La montagne effacée - Patrick Breuzé

Pourtant, que la montagne est belle! ♪♫
Note :

   1930, Léon Futoz est le responsable de la Compagnie des guides de montagne à Samoëns en Haute Savoie. Armande, sa femme l'attend, de retour d'une de ses expéditions. Mais Léon tarde, ce qui n'est pas son habitude. Partie à sa rencontre, elle le voit au loin, rentrer sans son matériel. léon ne sait plus vraiment ce qu'il en a fait et raconte à Armande une histoire qui se serait passée sur les sommets. Armande croit son mari pris de boisson, lui qui ne boit pas. Mais Léon perd la mémoire: une maladie d'Alzheimer qui, à l'époque, ne disait pas son nom.
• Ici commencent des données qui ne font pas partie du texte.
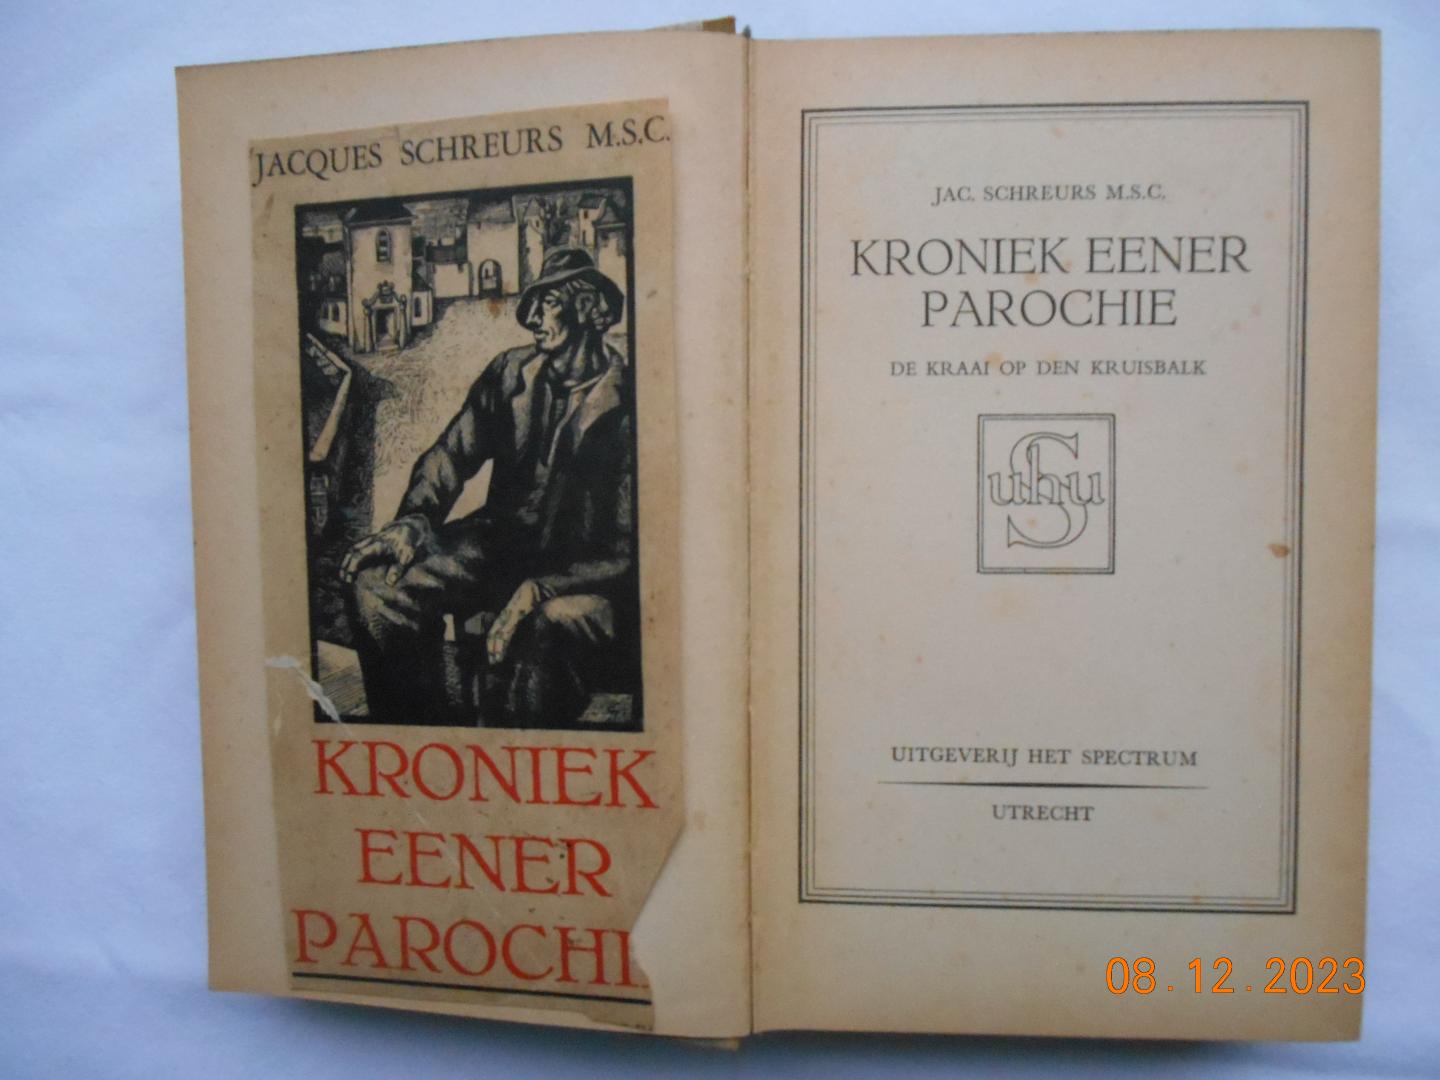 Schreurs, Jacques, M.S.C. - Kroniek eener (ener) parochie - eerste deel - De kraai op den Kruisbalk - van priester-dichter Jacques Schreurs M.S.C. (1893 - 1966)

Dès lors, se bousculent chez lui les souvenirs de sa vie passée, de son amour pour une belle lyonnaise, et reste en lui son amour de la montagne: une expédition se prépare et il compte bien dessus pour montrer à tous qu'il n'est pas fini.
   
   J'ai cru comprendre en lisant ça et là que Patrick Breuzé est un passionné de montagne: ça se sent! Il la décrit admirablement, et on sent une vraie passion pour ses personnages, les montagnards, les hommes et les femmes qui vivaient au début du siècle dernier dans des conditions difficiles. L'opposition entre le guide taiseux, obstiné et le citadin, riche, arrogant, hautain et sûr de la force que sa condition lui donne est un brin caricaturale, mais il faut sans doute cela pour installer le roman et son intrigue. Car, bien sûr, petite intrigue il y a, concernant la jeune femme lyonnaise que léon a aimée, ce qui rajoute un peu d'intérêt au livre, mais je n'en dirai pas plus pour laisser un petit mystère!
   
   "L'un des porteurs se précipita. Personne n'aimait ce genre de situation, quand guides et clients se retrouvaient dos à dos. D'ores et déjà, il paraissait acquis qu'il n'y aurait pas de bonne main, ce pourboire laissé à l'appréciation de chacun et qui souvent venait arrondir de belle manière une course mal négociée ou trop peu tarifée." (p.155)

   
   La bonne idée de l'auteur est de combiner la maladie d'Alzheimer avec la montagne et les ravages qu'elle peut faire chez de pauvres gens qui n'ont pour gagne pain que cette montagne justement. Mais en même temps, Léon est un homme à poigne, habitué à diriger les autres guides de Samoëns, un homme qui ne lâche rien. On a donc à la fois un roman sur la perte d'autonomie, la fierté (parce que diminué par une maladie inconnue à l'époque, l'homme n'est plus "un homme" aux yeux de beaucoup, qui ne peut plus nourrir sa famille) et sur la montagne, les randonnées et les paysages. Armande est aussi un personnage important: la femme effacée mais toujours présente, qui est en fait le pilier de ce couple vieillissant (ils ont un peu plus de 65 ans), comme beaucoup de femmes de l'époque. Elle s'inquiète Armande, se demande ce que va devenir Léon: "Quand elle entendit la porte se refermer, elle ne ressentit rien. Ni soulagement, ni colère. Ses mains étaient gelées, ses pieds violacés. Son corps noué attendait qu'on lui dise quoi faire. Ce sentiment de fin de vie, elle le connaissait déjà. [...] Adossée contre le mur chaulé, elle regarda défiler sa vie, de rares moments de bonheur, de longues années de labeur. Désormais, il faudrait admettre que le fardeau devint encore plus lourd." (p.76)
   
   Roman bien écrit, dans une langue simple et soignée, insérant pas mal de dialogues dans le patois local, ce qui lui donne du rythme et du corps. Un livre qui a ce côté roman du terroir ou régional, un peu désuet, mais loin d'être désagréable. Un peu comme un téléfilm de France 3: pas le film de l'année, mais on le regarde avec plaisir en famille! Ce genre d'histoire ne deviendra pas ma lecture favorite, mais une de temps en temps (point trop souvent non plus), pourquoi pas?